Britain’s streets are a mess. Crisp packets dance in the wind, coffee cups colonise gutters, and the detritus of fast-food culture festers in every corner. We have tried fines, public information films and the occasional celebrity-fronted clean-up campaign. Nothing seems to stick. So perhaps we should look to Tokyo, where a new crackdown on littering has taken a distinctly psychological turn.
Last week, the Tokyo Metropolitan Government announced a zero-tolerance policy on littering in the city’s 23 wards. Offenders now face on-the-spot fines of up to ¥20,000, roughly £110. But the real innovation is the public shaming element: those caught will have their names and photos published on a dedicated website. It is a technique that plays on a deeply ingrained cultural trait, the concept of 'meiwaku' or causing inconvenience to others. In Japan, public littering is not just an environmental crime, it is a social one.

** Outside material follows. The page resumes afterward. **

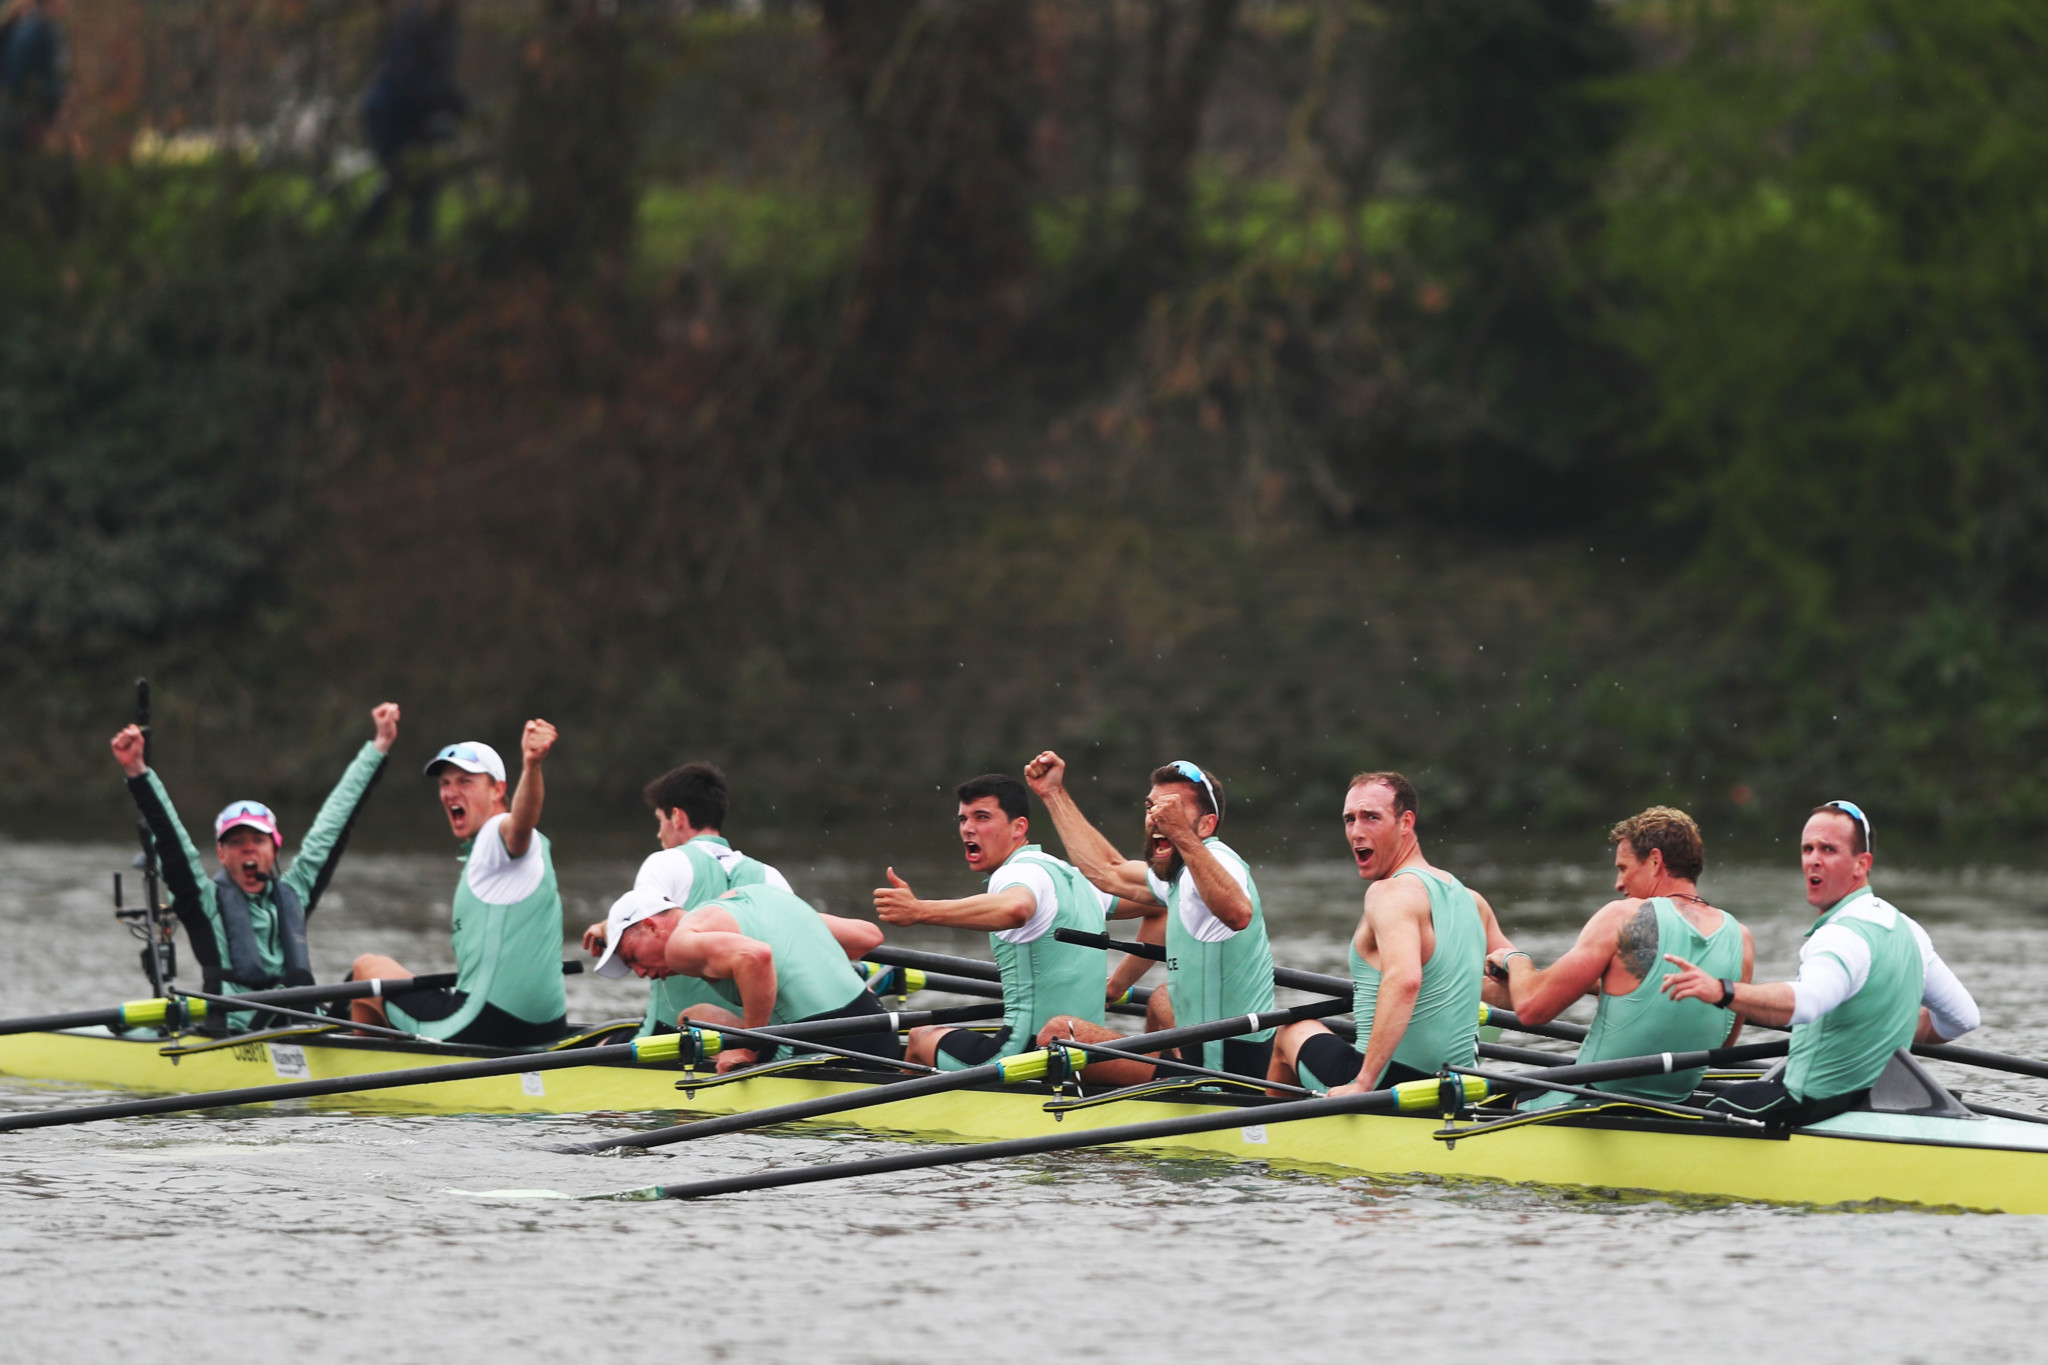 Last year, Cambridge won both the men's and women's events at the 165th Boat Race ©Getty Images

By contrast, Britain’s approach has been characterised by a grudging acceptance that some litter is inevitable. We have tolerated overflowing bins, lazy takeaways and the morning-after mess of a night out. The recent rise in fly-tipping, up 16% in 2023 according to DEFRA, suggests a broader breakdown in civic pride. We seem to have lost the collective horror of mess that still exists in parts of East Asia.

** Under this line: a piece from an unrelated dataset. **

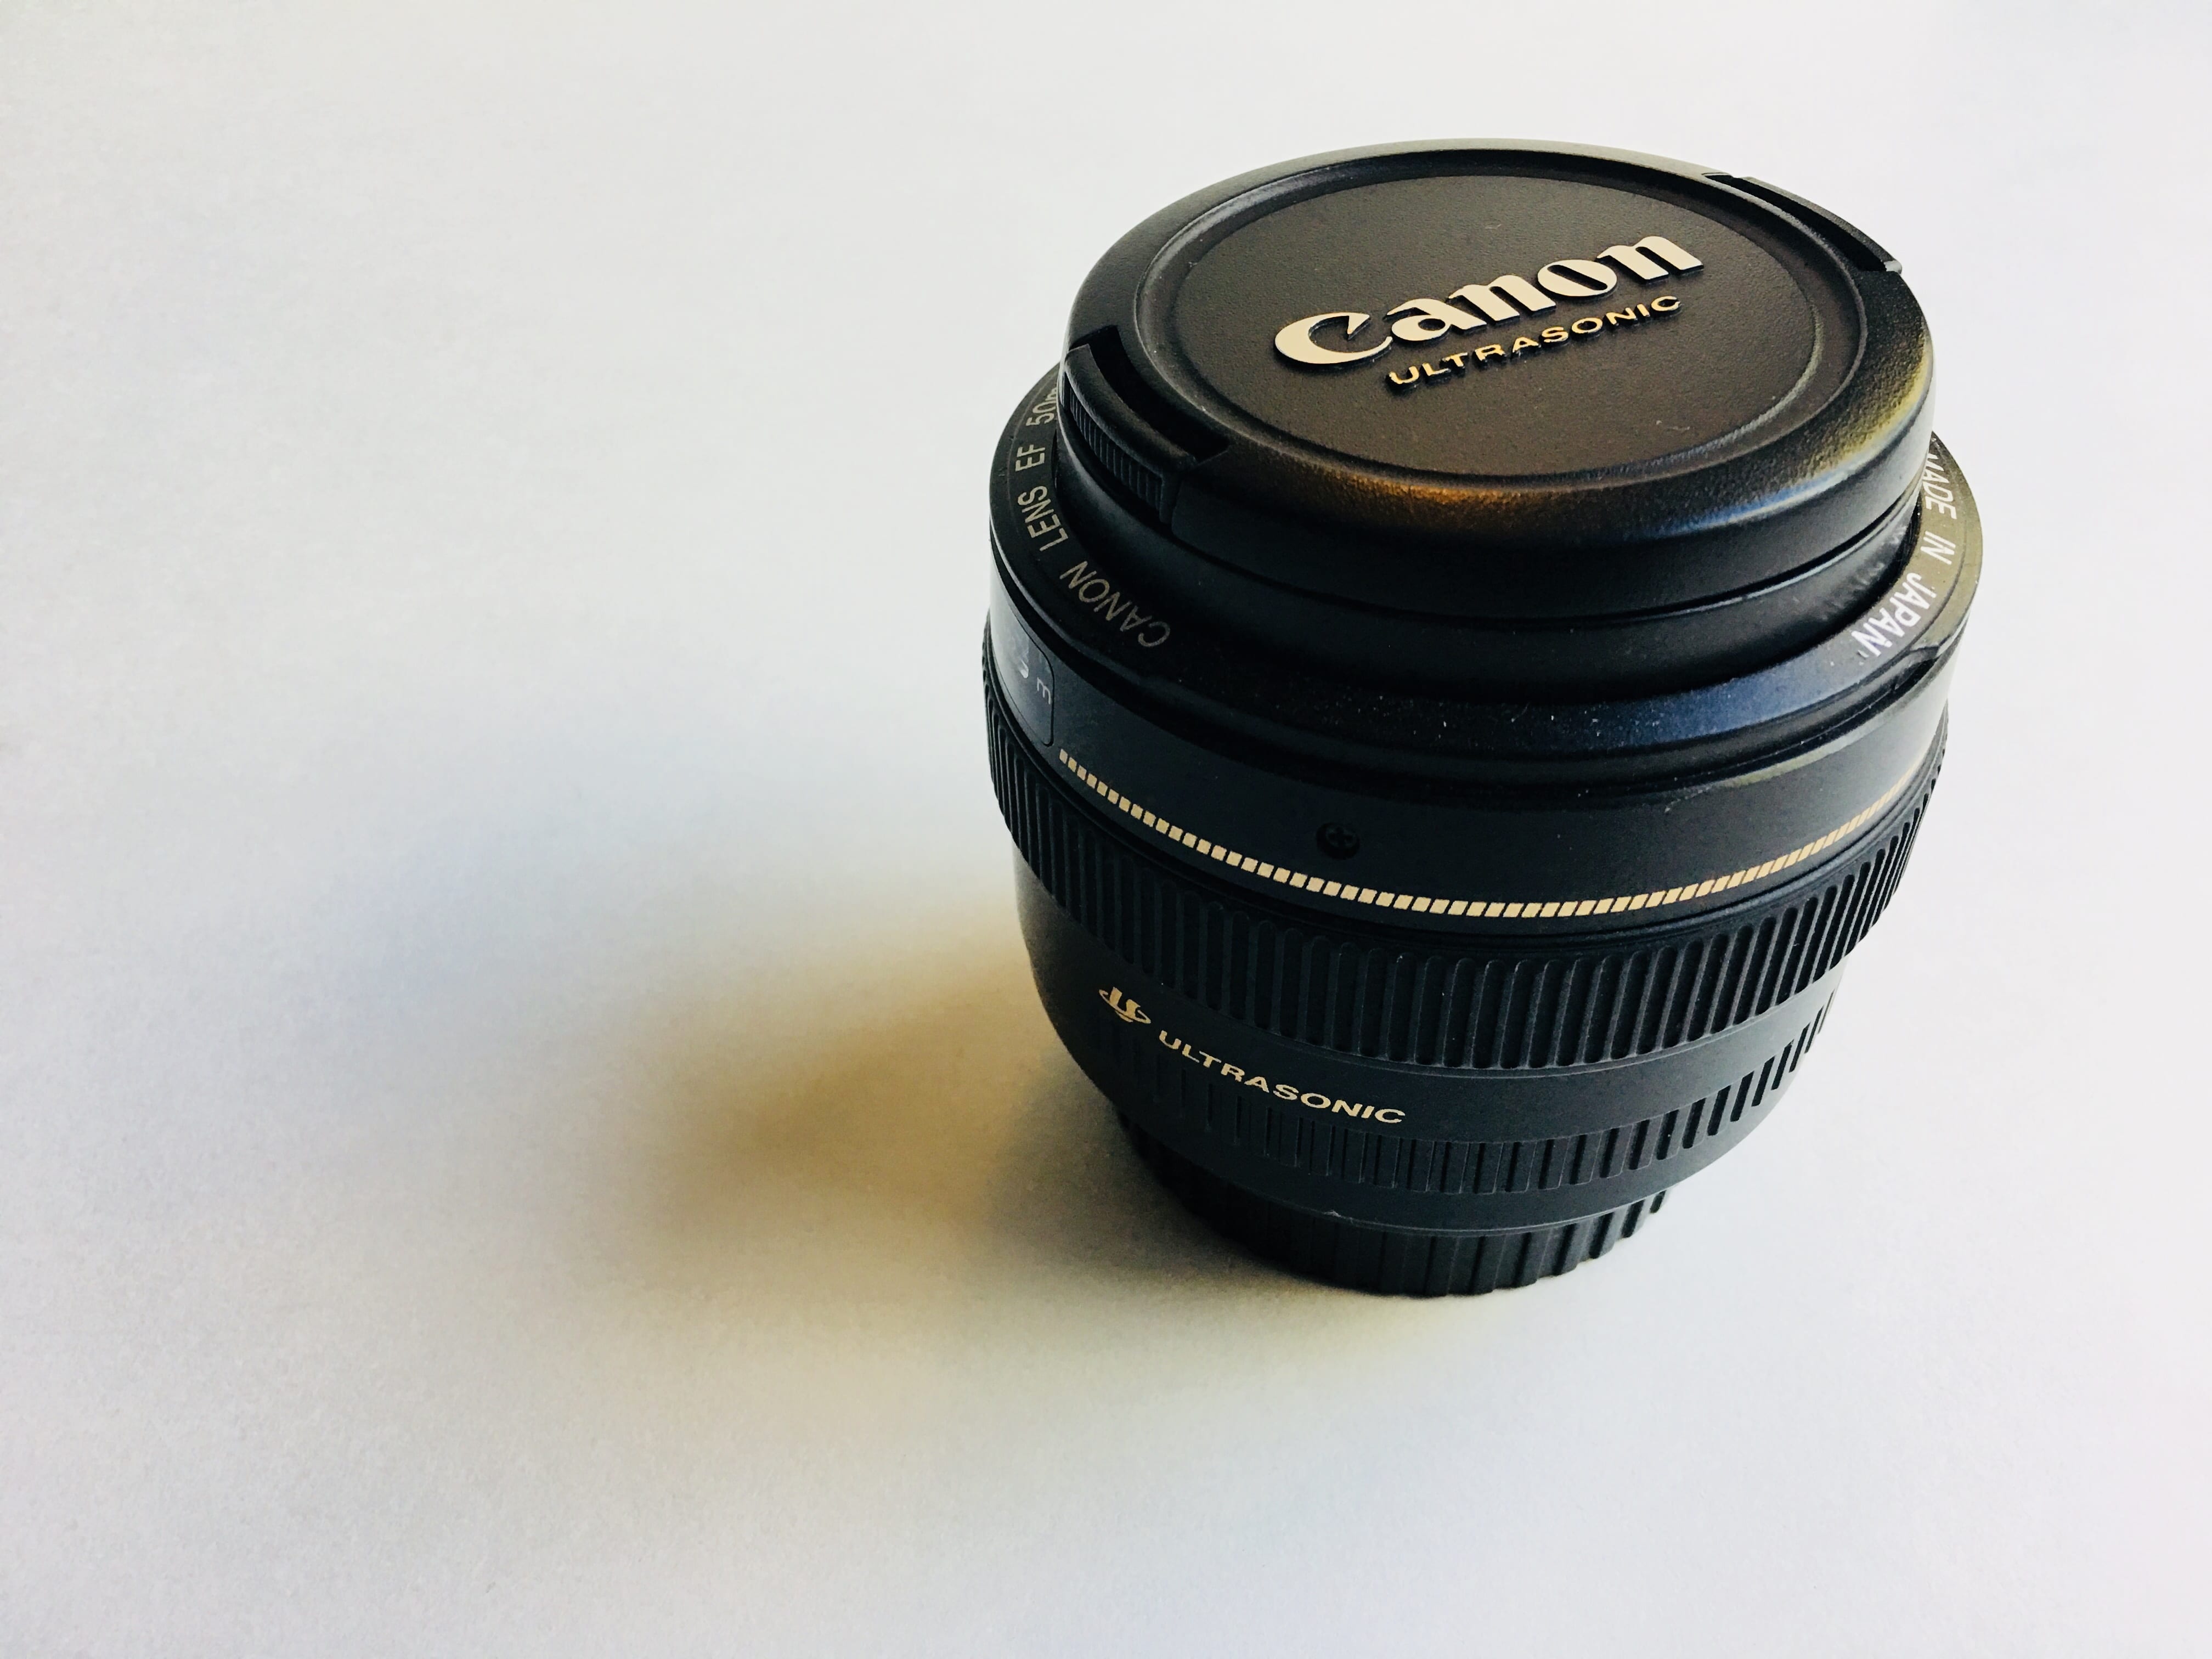 Review of the 50mm 1.4 lens

Yet the parallels are not perfect. Tokyo’s streets have long been remarkably clean, partly because littering was already a rare transgression. The new rules are as much about reinforcing existing norms as punishing outliers. Here, we are starting from a lower base. A 2022 Keep Britain Tidy survey found that 62% of people admitted to dropping litter at least once in the past year. For many, it has become a casual habit, not a shameful act.
What can we learn? It would be easy to dismiss Tokyo’s approach as culturally specific, but the psychology is universal. Humans are social animals who respond to perceived norms. When we see litter everywhere, we feel justified in adding our own. The art of ‘social proof’ works both ways. A truly zero-tolerance policy, combined with visible enforcement and a dose of public naming and shaming, could shift that equilibrium.
But a word of caution: Britain has a complicated history with public humiliation. The stocks were abolished for a reason. We are a nation that values the right to make mistakes in private. Yet something has to change. The cost of litter clean-up to local authorities in England alone is over £1 billion a year. That is money that could be spent on schools, libraries or social care.
The real revolution would be one of attitude. Tokyo’s crackdown is not just about fines, it is about redefining what is acceptable. As we watch from across the world, we might ask ourselves: do we want to live in a country where litter is the norm, or where every pavement is a source of civic pride? The answer, surely, is that we cannot afford to be too polite to insist on clean streets. Sometimes, a little shame is a small price to pay for dignity.